Entries taken from a collection:
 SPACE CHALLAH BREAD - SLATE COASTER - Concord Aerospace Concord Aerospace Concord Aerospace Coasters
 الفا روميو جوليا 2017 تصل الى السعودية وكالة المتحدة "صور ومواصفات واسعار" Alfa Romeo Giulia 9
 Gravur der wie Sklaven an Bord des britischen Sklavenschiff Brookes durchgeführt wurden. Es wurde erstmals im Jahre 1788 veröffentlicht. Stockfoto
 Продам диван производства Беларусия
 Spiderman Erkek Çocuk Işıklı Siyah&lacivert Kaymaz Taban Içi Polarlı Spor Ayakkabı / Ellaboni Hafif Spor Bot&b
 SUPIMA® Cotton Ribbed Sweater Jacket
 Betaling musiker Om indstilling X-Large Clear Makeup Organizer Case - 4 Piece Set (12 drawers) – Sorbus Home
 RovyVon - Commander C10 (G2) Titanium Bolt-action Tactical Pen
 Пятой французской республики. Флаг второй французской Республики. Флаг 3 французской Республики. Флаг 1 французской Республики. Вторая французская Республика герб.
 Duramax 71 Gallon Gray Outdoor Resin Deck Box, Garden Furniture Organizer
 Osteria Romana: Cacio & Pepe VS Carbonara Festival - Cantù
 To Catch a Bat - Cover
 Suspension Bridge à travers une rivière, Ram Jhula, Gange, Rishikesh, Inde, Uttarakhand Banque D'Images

Work to complete = All of the entries above need to be printed again exactly.

Answer to the exercise =
 SPACE CHALLAH BREAD - SLATE COASTER - Concord Aerospace Concord Aerospace Concord Aerospace Coasters
 الفا روميو جوليا 2017 تصل الى السعودية وكالة المتحدة "صور ومواصفات واسعار" Alfa Romeo Giulia 9
 Gravur der wie Sklaven an Bord des britischen Sklavenschiff Brookes durchgeführt wurden. Es wurde erstmals im Jahre 1788 veröffentlicht. Stockfoto
 Продам диван производства Беларусия
 Spiderman Erkek Çocuk Işıklı Siyah&lacivert Kaymaz Taban Içi Polarlı Spor Ayakkabı / Ellaboni Hafif Spor Bot&b
 SUPIMA® Cotton Ribbed Sweater Jacket
 Betaling musiker Om indstilling X-Large Clear Makeup Organizer Case - 4 Piece Set (12 drawers) – Sorbus Home
 RovyVon - Commander C10 (G2) Titanium Bolt-action Tactical Pen
 Пятой французской республики. Флаг второй французской Республики. Флаг 3 французской Республики. Флаг 1 французской Республики. Вторая французская Республика герб.
 Duramax 71 Gallon Gray Outdoor Resin Deck Box, Garden Furniture Organizer
 Osteria Romana: Cacio & Pepe VS Carbonara Festival - Cantù
 To Catch a Bat - Cover
 Suspension Bridge à travers une rivière, Ram Jhula, Gange, Rishikesh, Inde, Uttarakhand Banque D'Images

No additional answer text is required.